**Working data**

·····

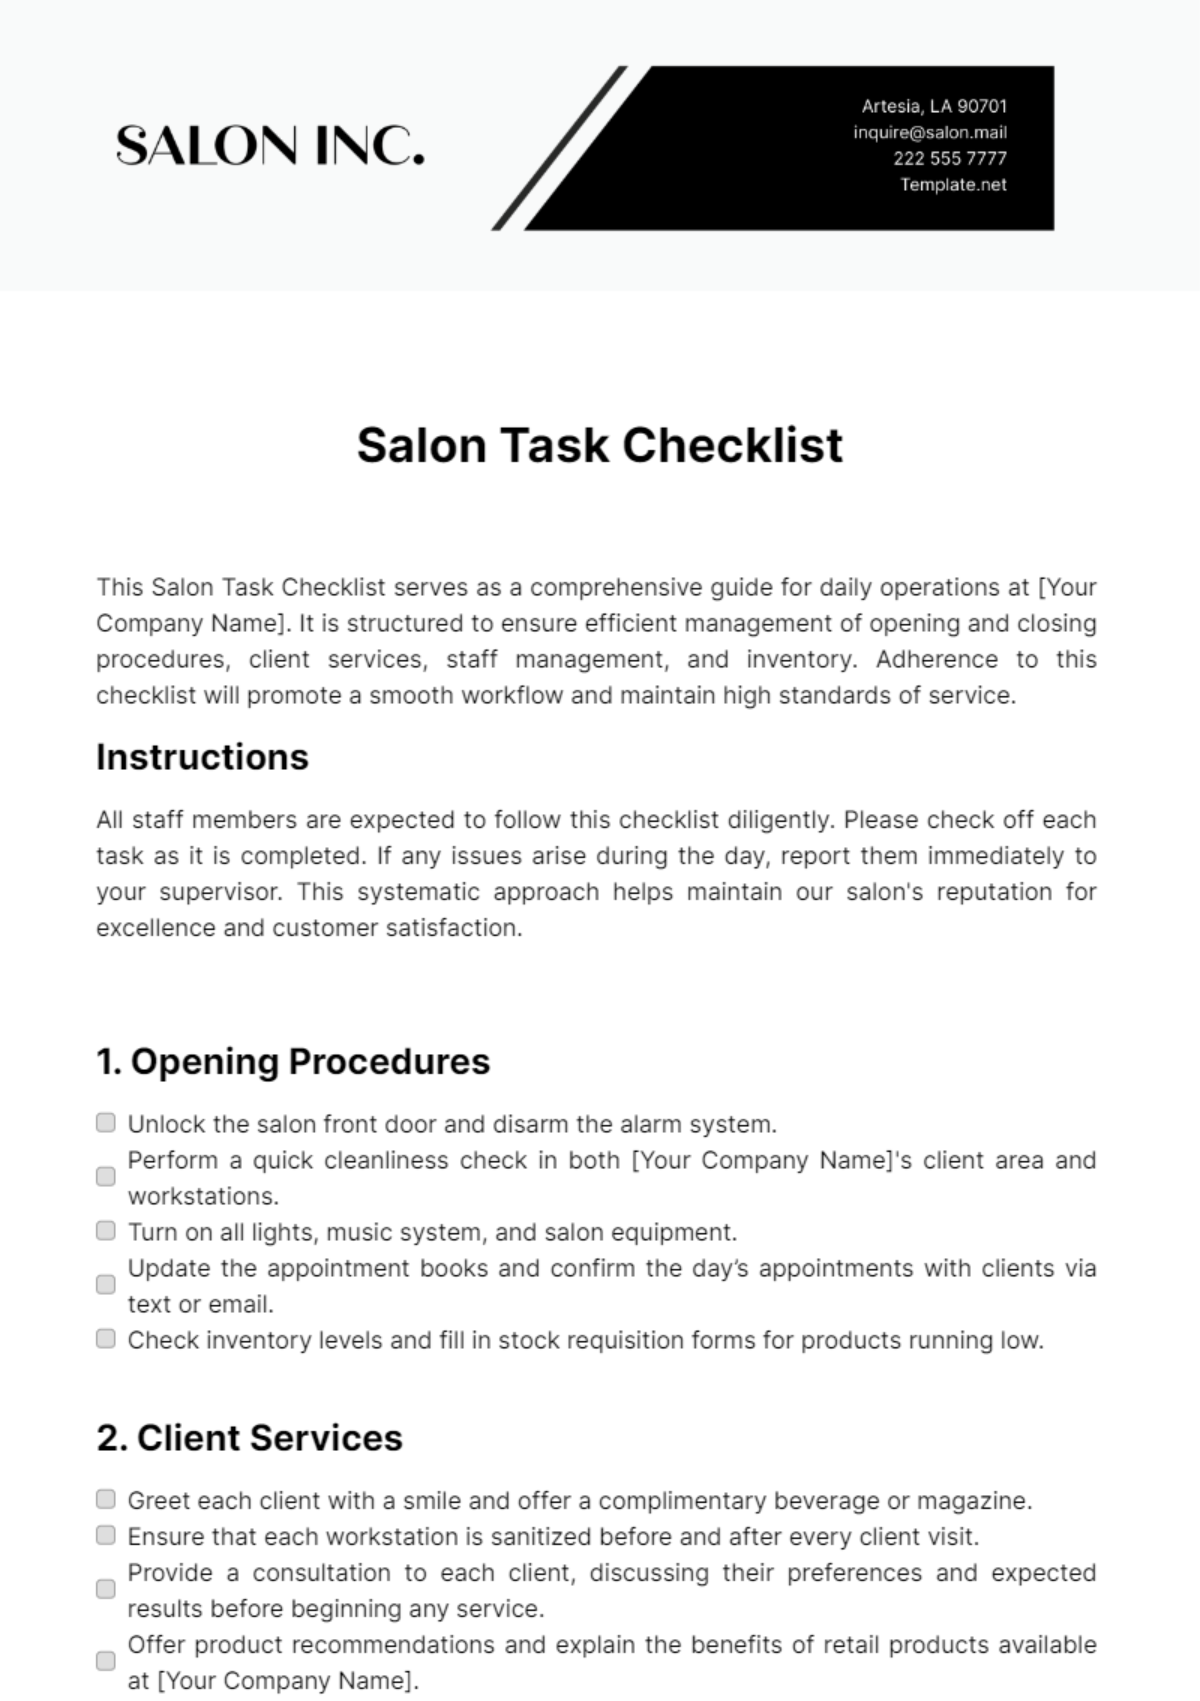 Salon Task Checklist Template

·····

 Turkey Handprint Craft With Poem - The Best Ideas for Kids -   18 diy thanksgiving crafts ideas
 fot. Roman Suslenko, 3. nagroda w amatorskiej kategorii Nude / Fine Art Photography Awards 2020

·····

**Aim of the task**
Return exactly the lines above from the line that has "Turkey Handprint Craft" through the line that has "fot. Roman Suslenko, 3.", inclusive, and nothing else.

**Completed exercise**
 Turkey Handprint Craft With Poem - The Best Ideas for Kids -   18 diy thanksgiving crafts ideas
 fot. Roman Suslenko, 3. nagroda w amatorskiej kategorii Nude / Fine Art Photography Awards 2020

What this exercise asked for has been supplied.